- Exercise instructions -
When you write out the listing below, keep each word exactly as it stands and drop the pictures.

- Dataset excerpt -
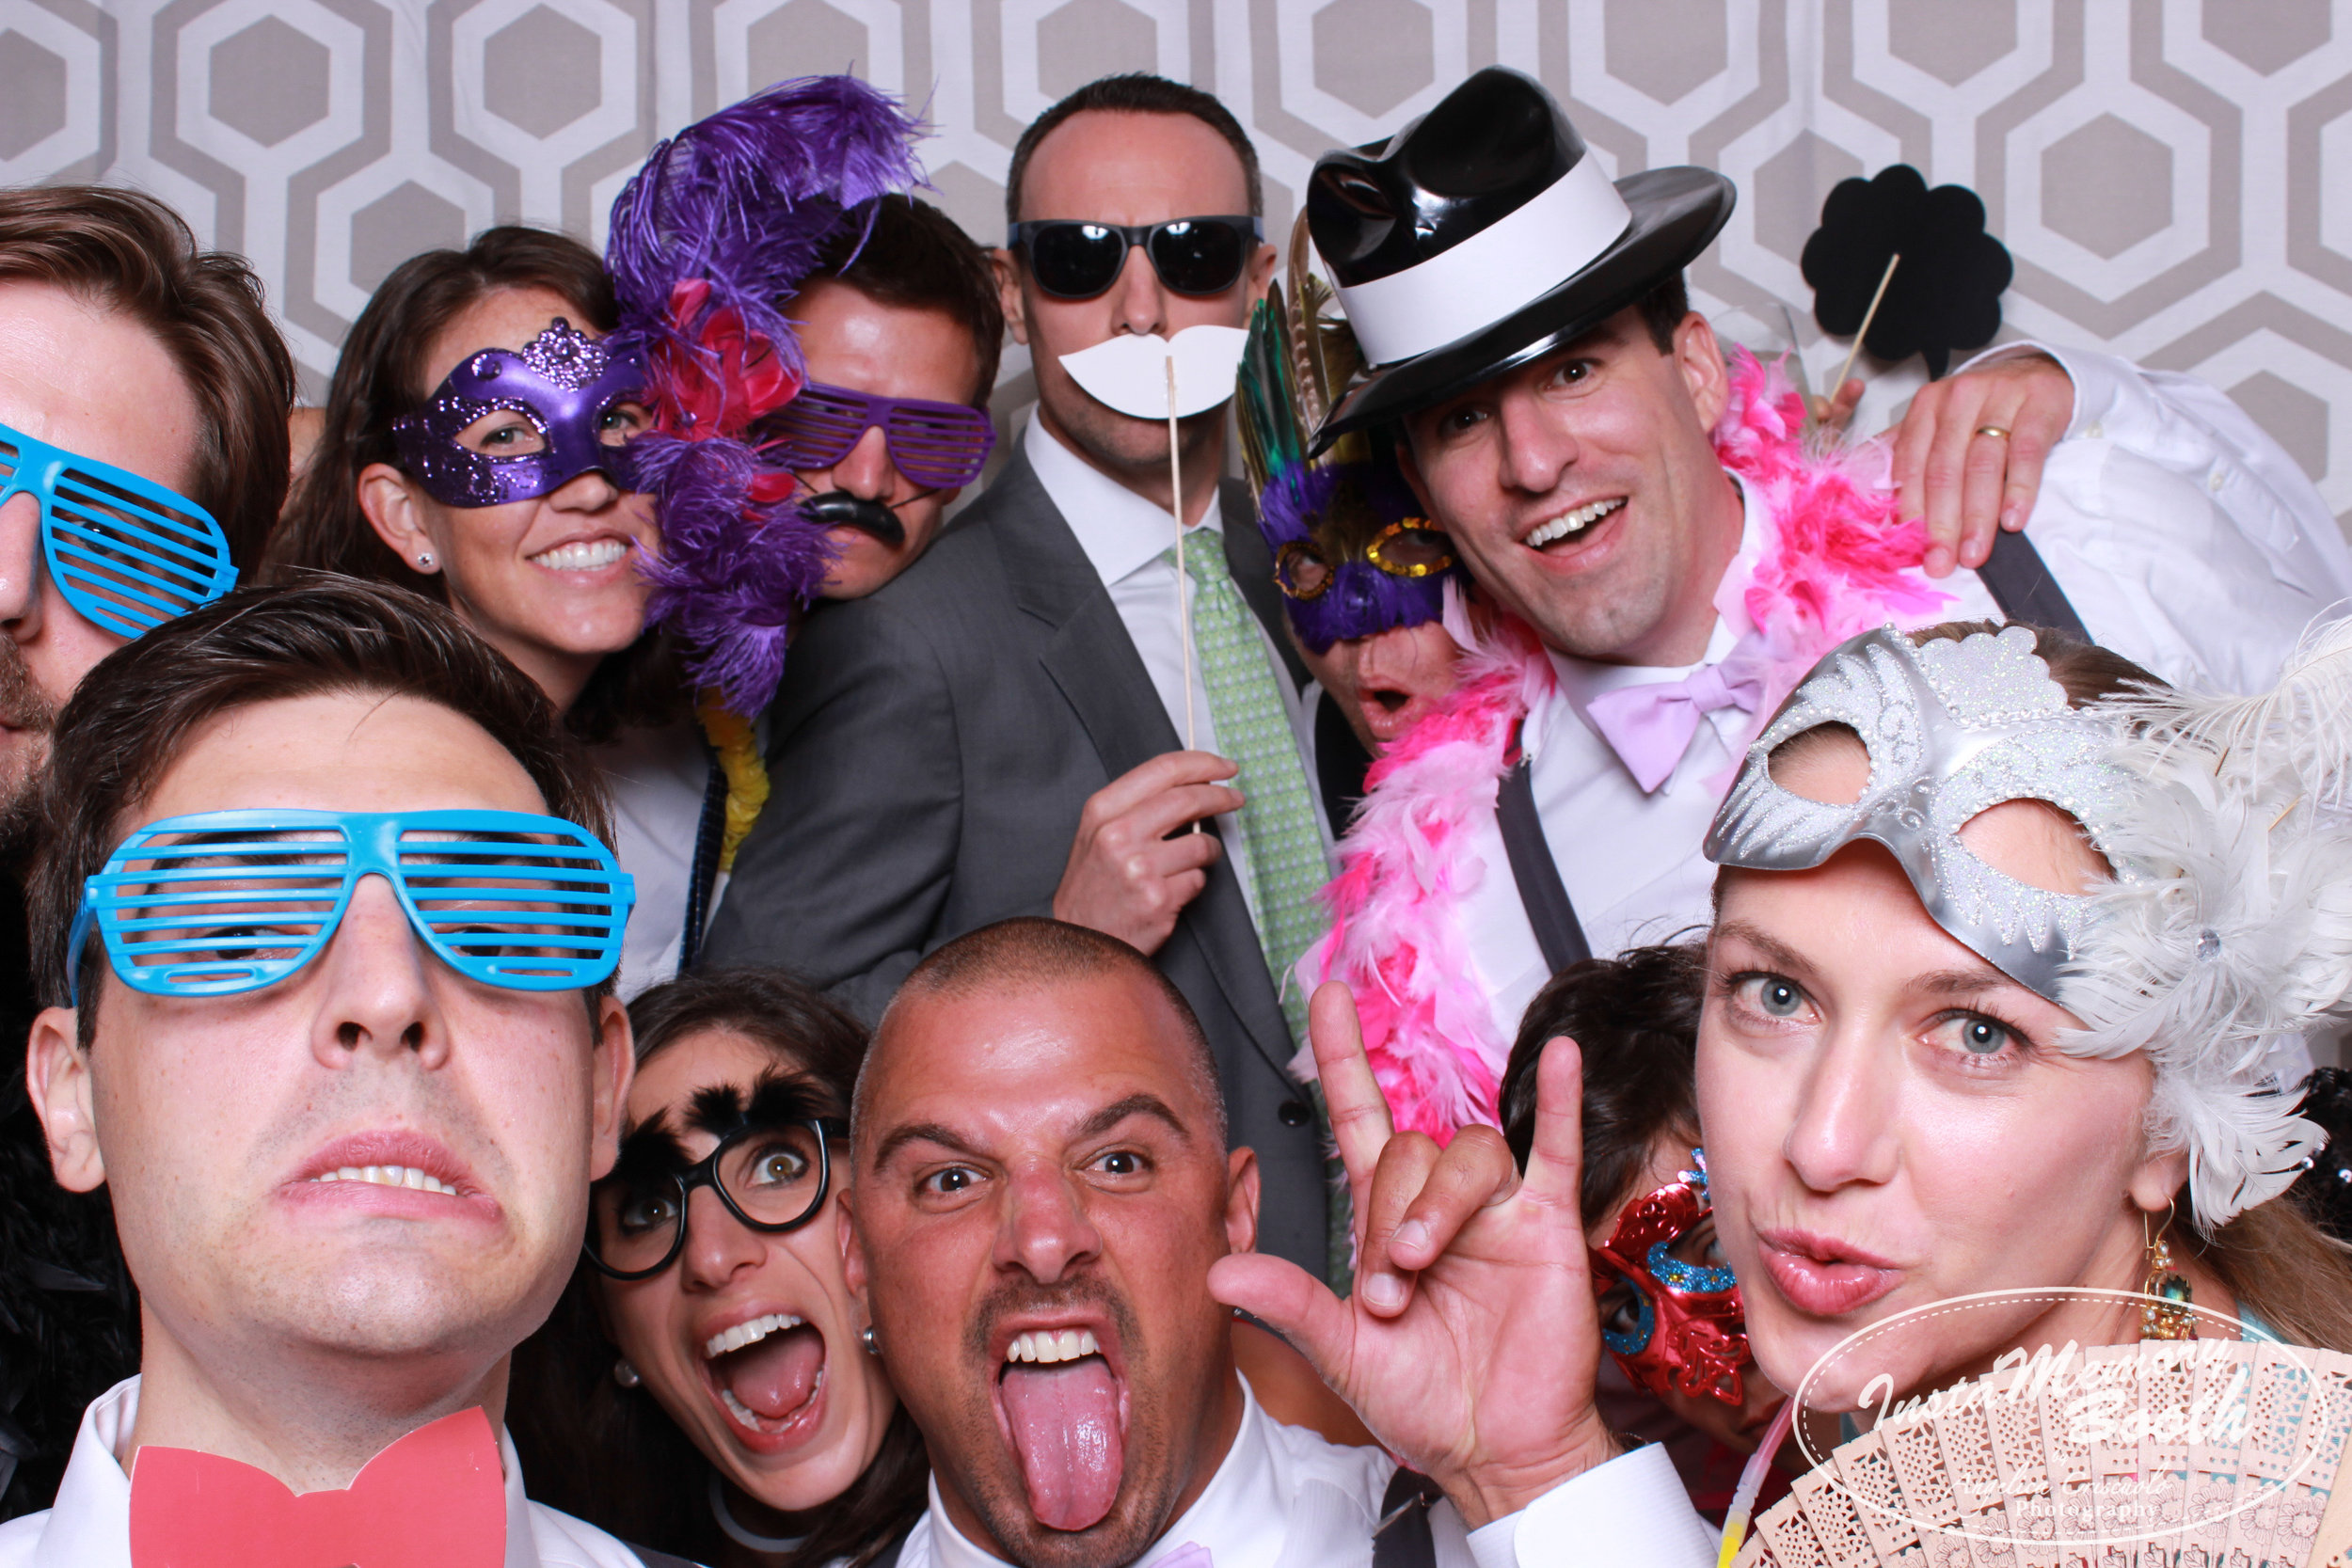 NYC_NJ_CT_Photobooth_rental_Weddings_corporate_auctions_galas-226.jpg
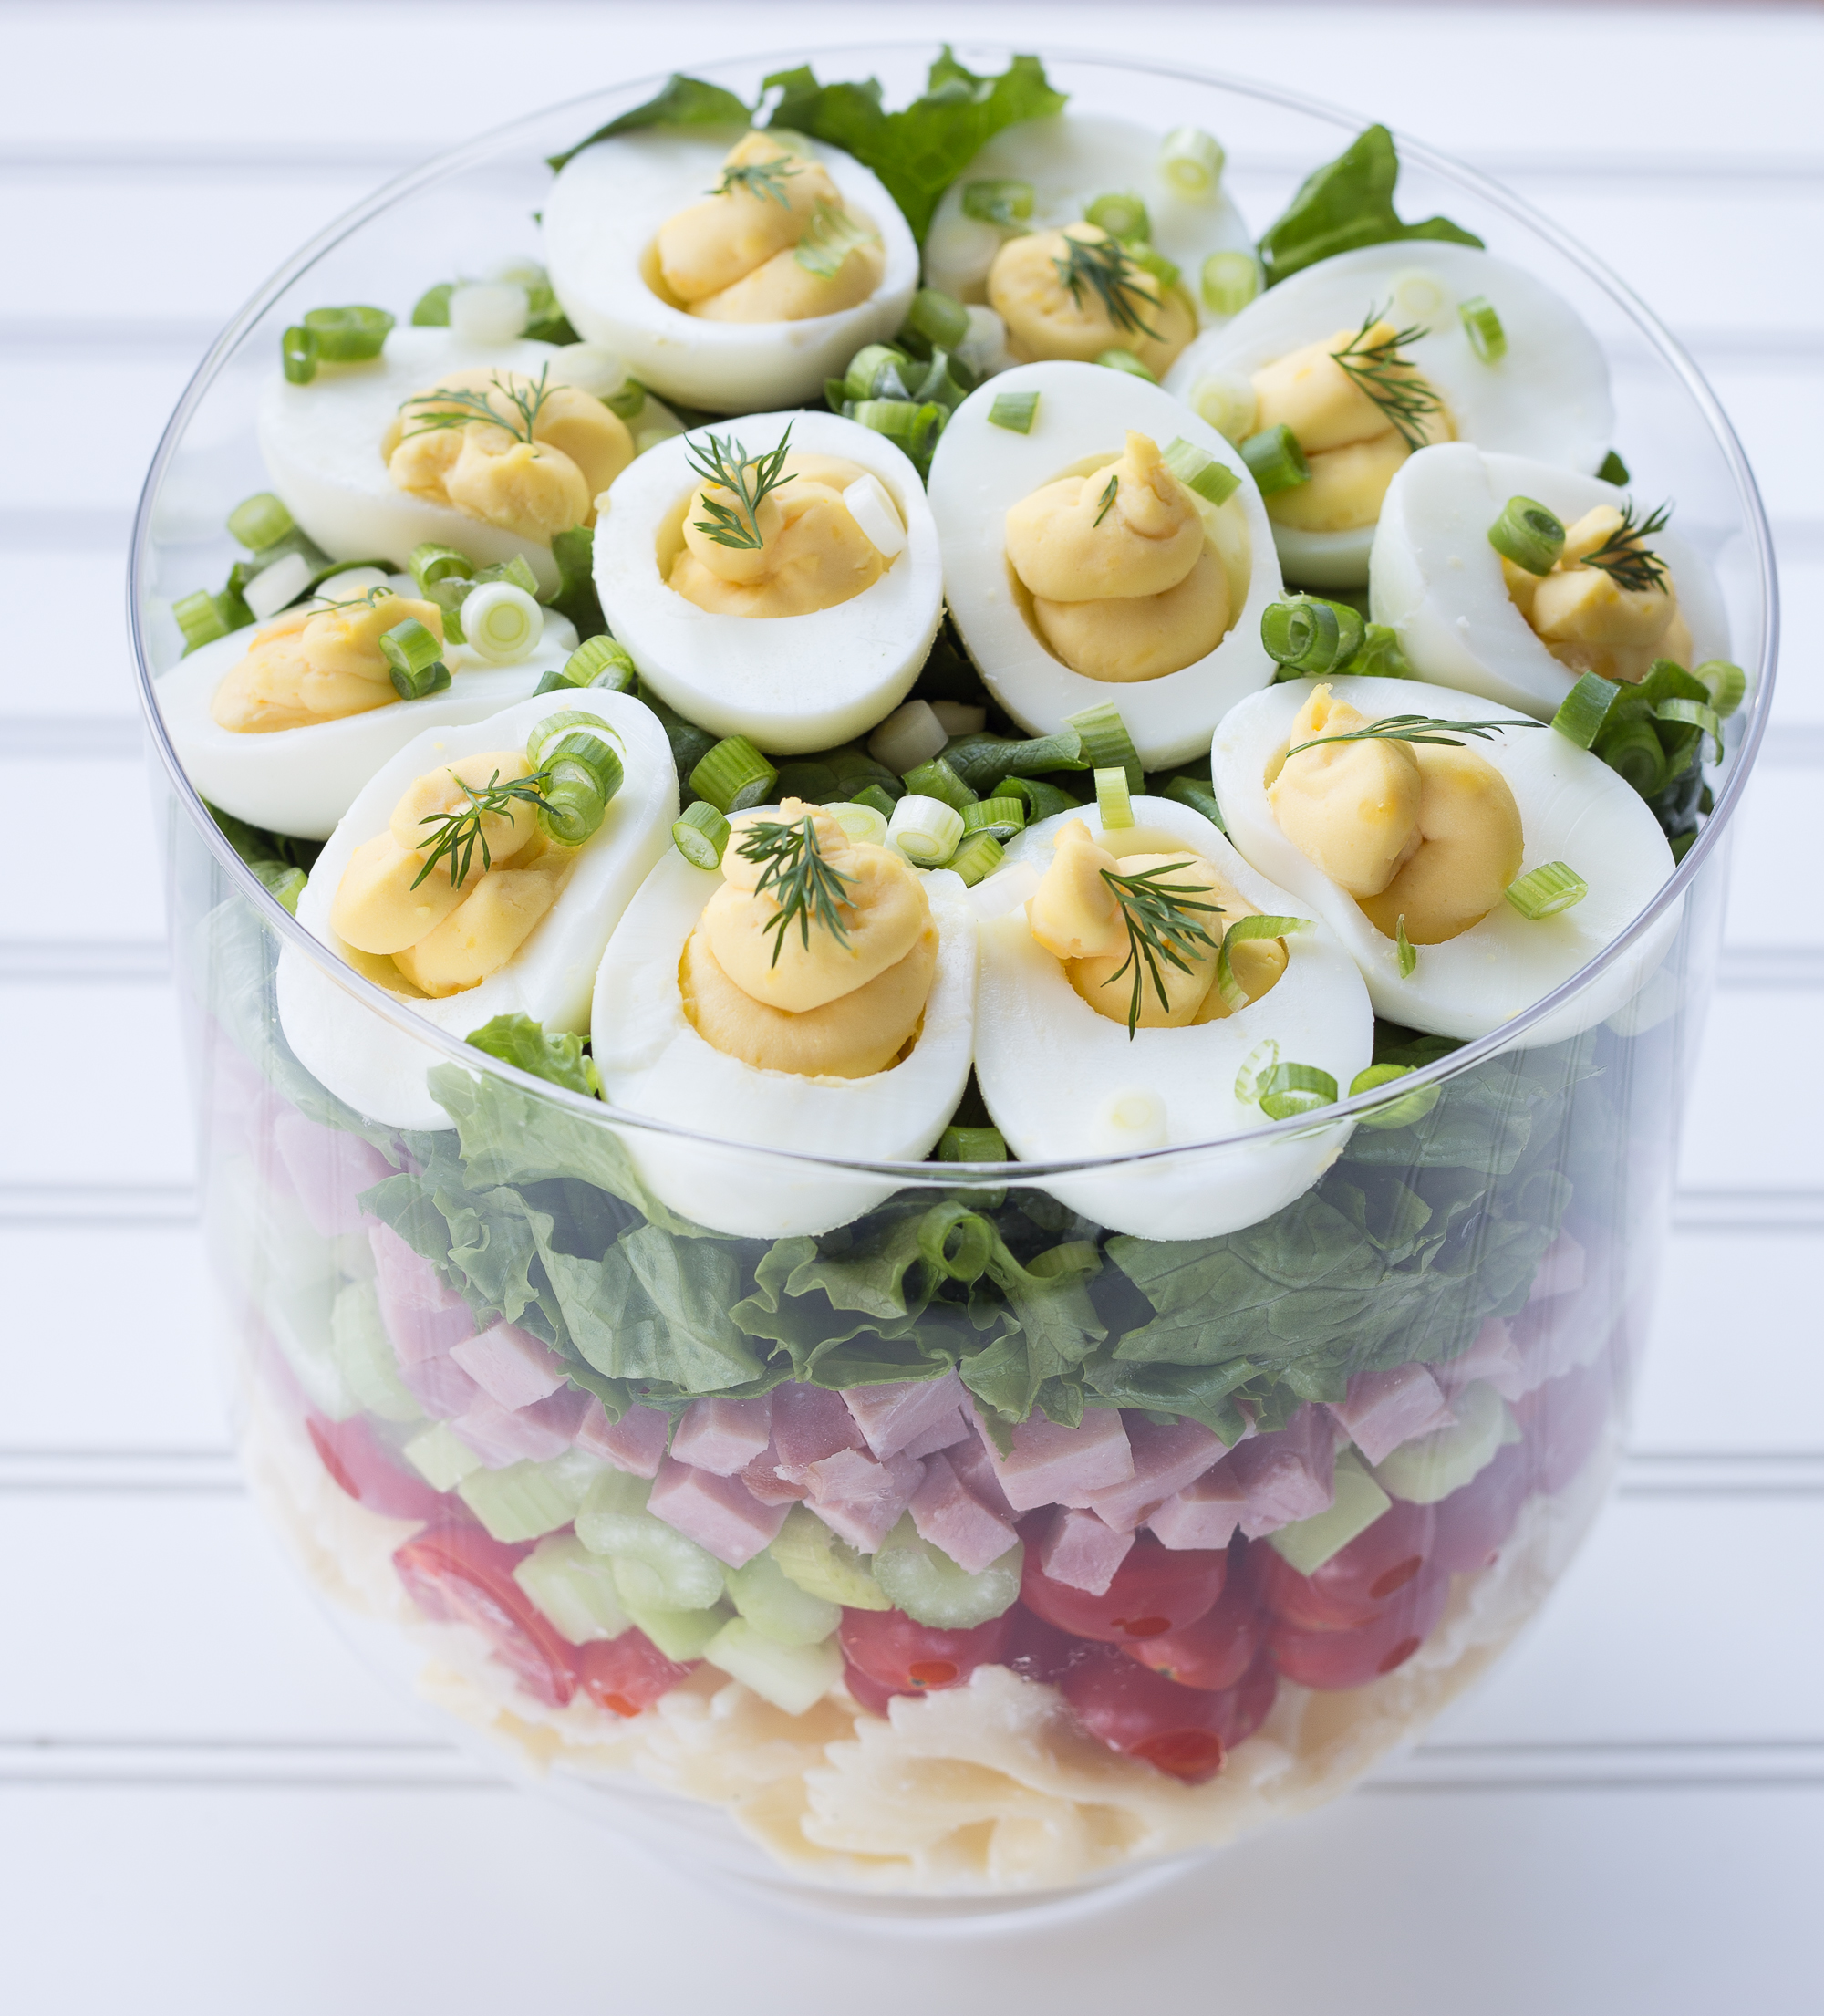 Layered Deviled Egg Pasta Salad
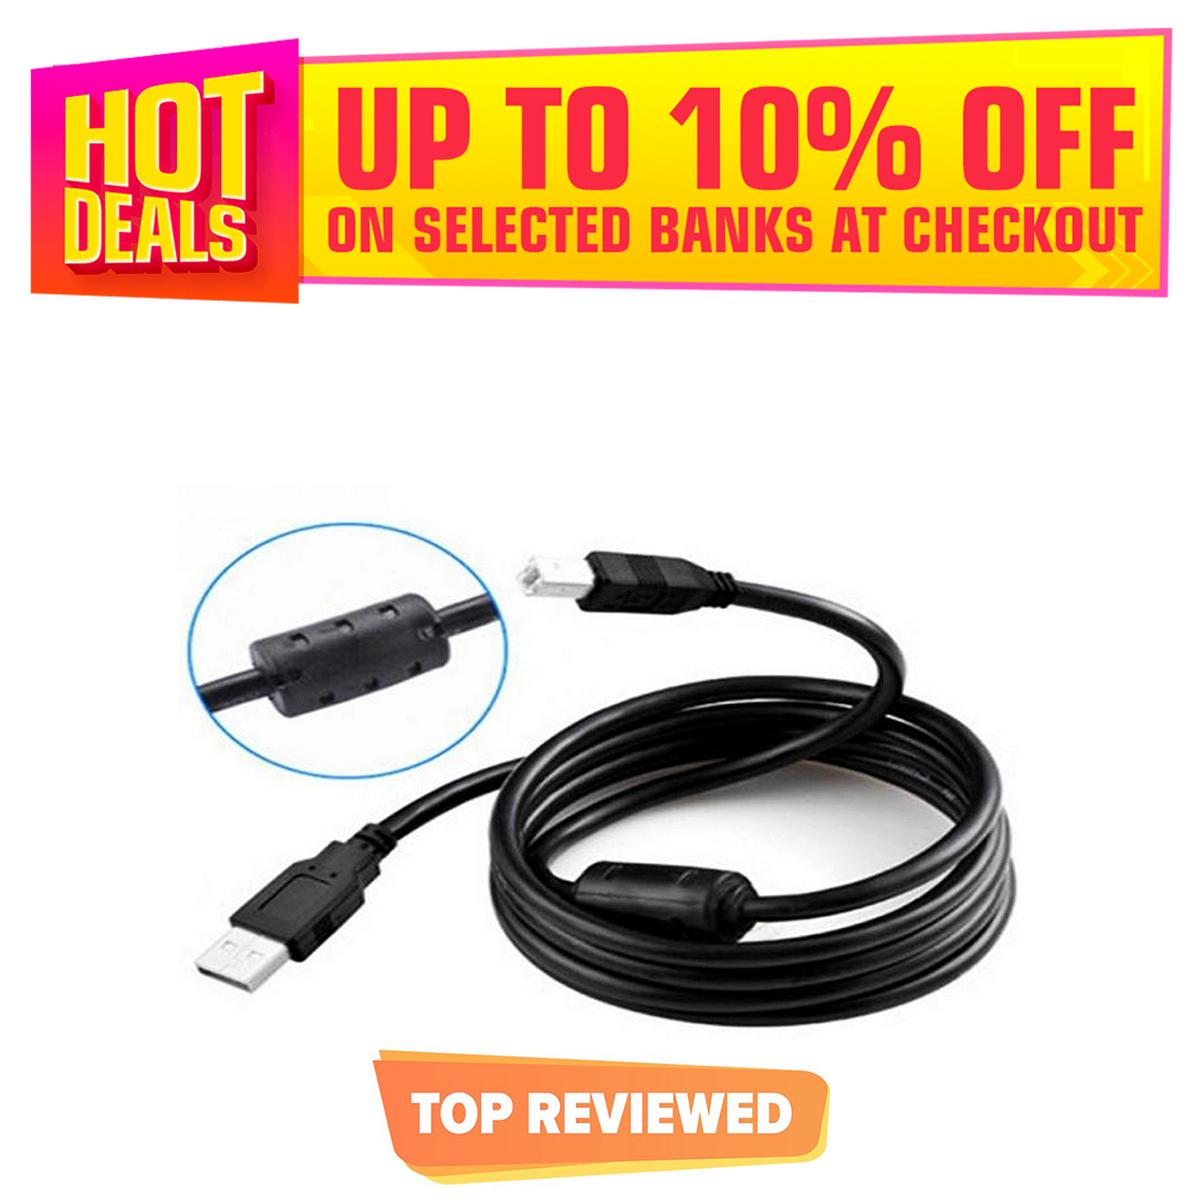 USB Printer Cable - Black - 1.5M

- Answer section -
 NYC_NJ_CT_Photobooth_rental_Weddings_corporate_auctions_galas-226.jpg
 Layered Deviled Egg Pasta Salad
 USB Printer Cable - Black - 1.5M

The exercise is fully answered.